● **SOURCE MATERIAL**
┌──

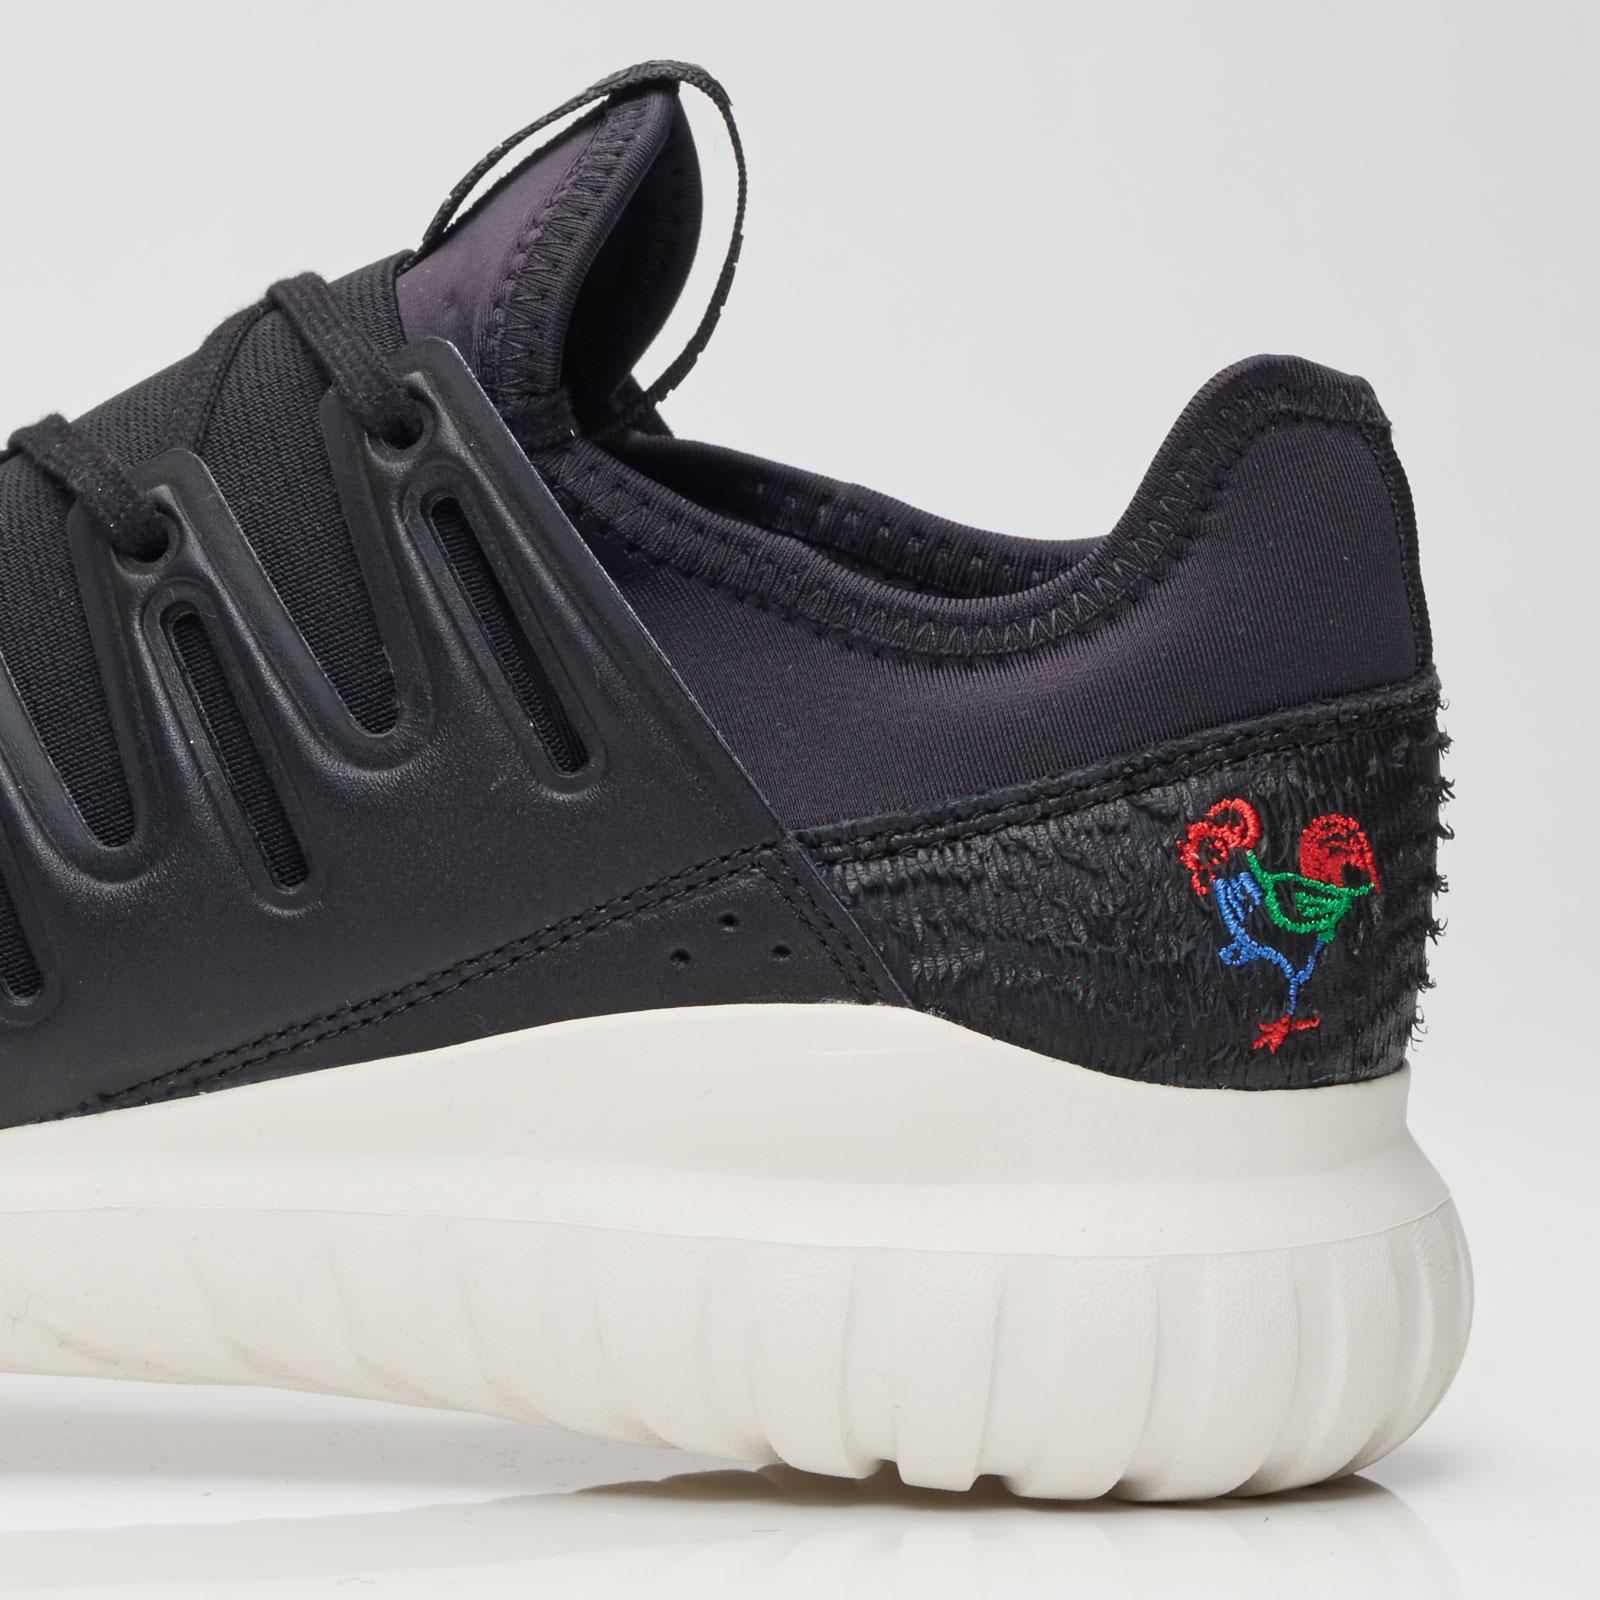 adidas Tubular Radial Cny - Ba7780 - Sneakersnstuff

└──
┌──

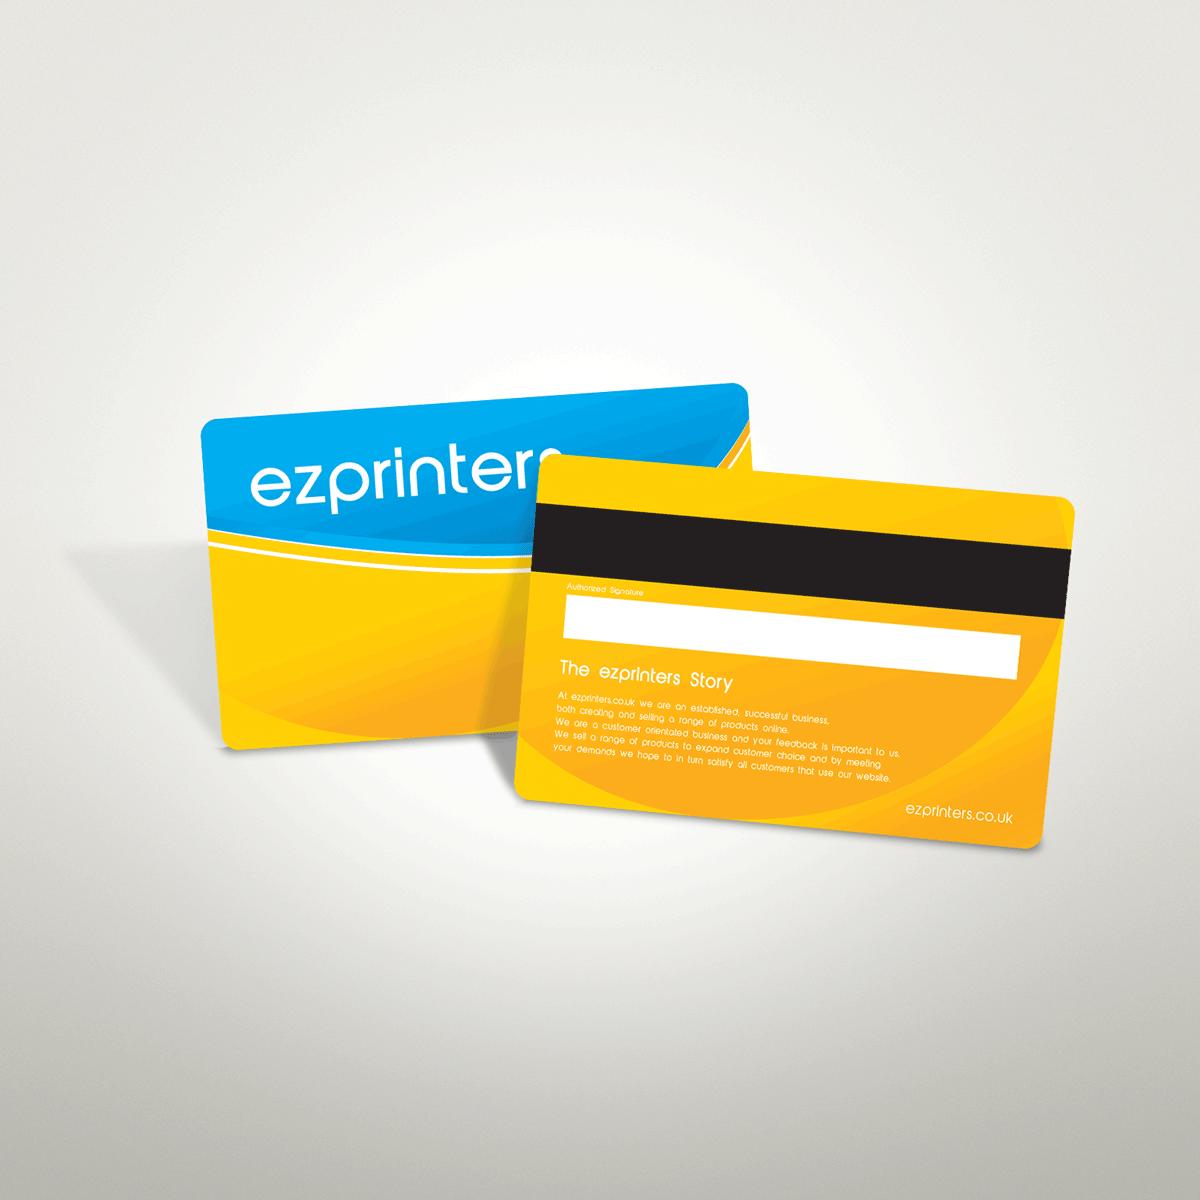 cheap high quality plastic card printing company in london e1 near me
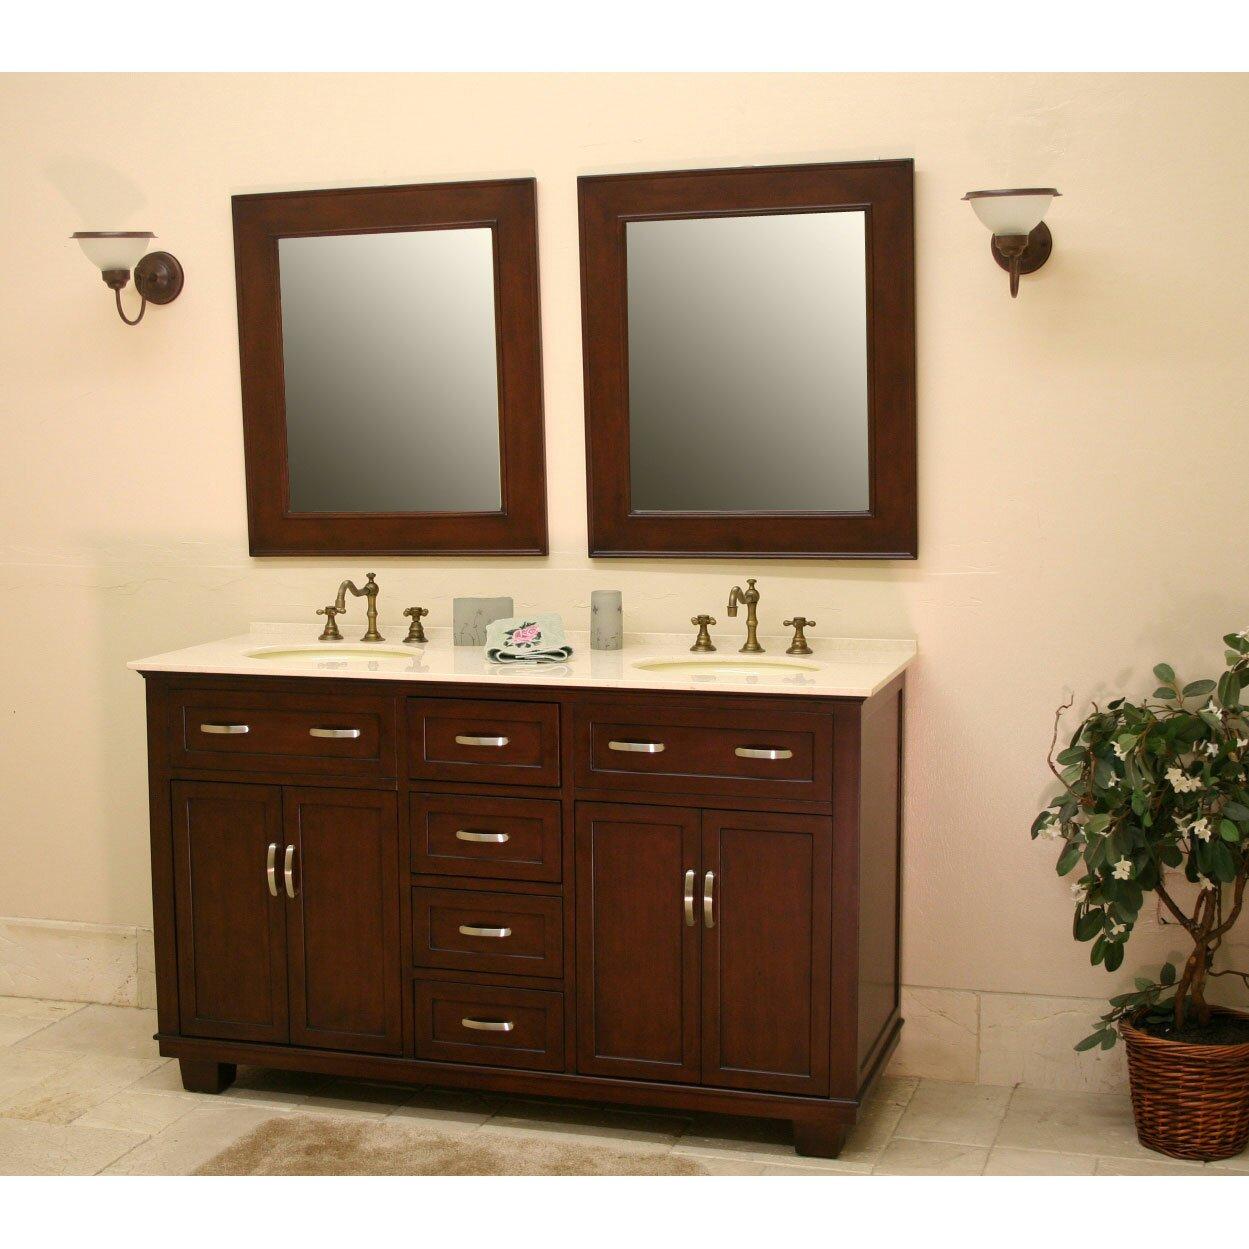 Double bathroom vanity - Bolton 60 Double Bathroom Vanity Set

└──

Using the records above, return word for word the lines that begin at the one containing "cheap high quality" and end at the one containing "Double bathroom vanity - Bolton", both of them included and no pictures.

 cheap high quality plastic card printing company in london e1 near me
 Double bathroom vanity - Bolton 60 Double Bathroom Vanity Set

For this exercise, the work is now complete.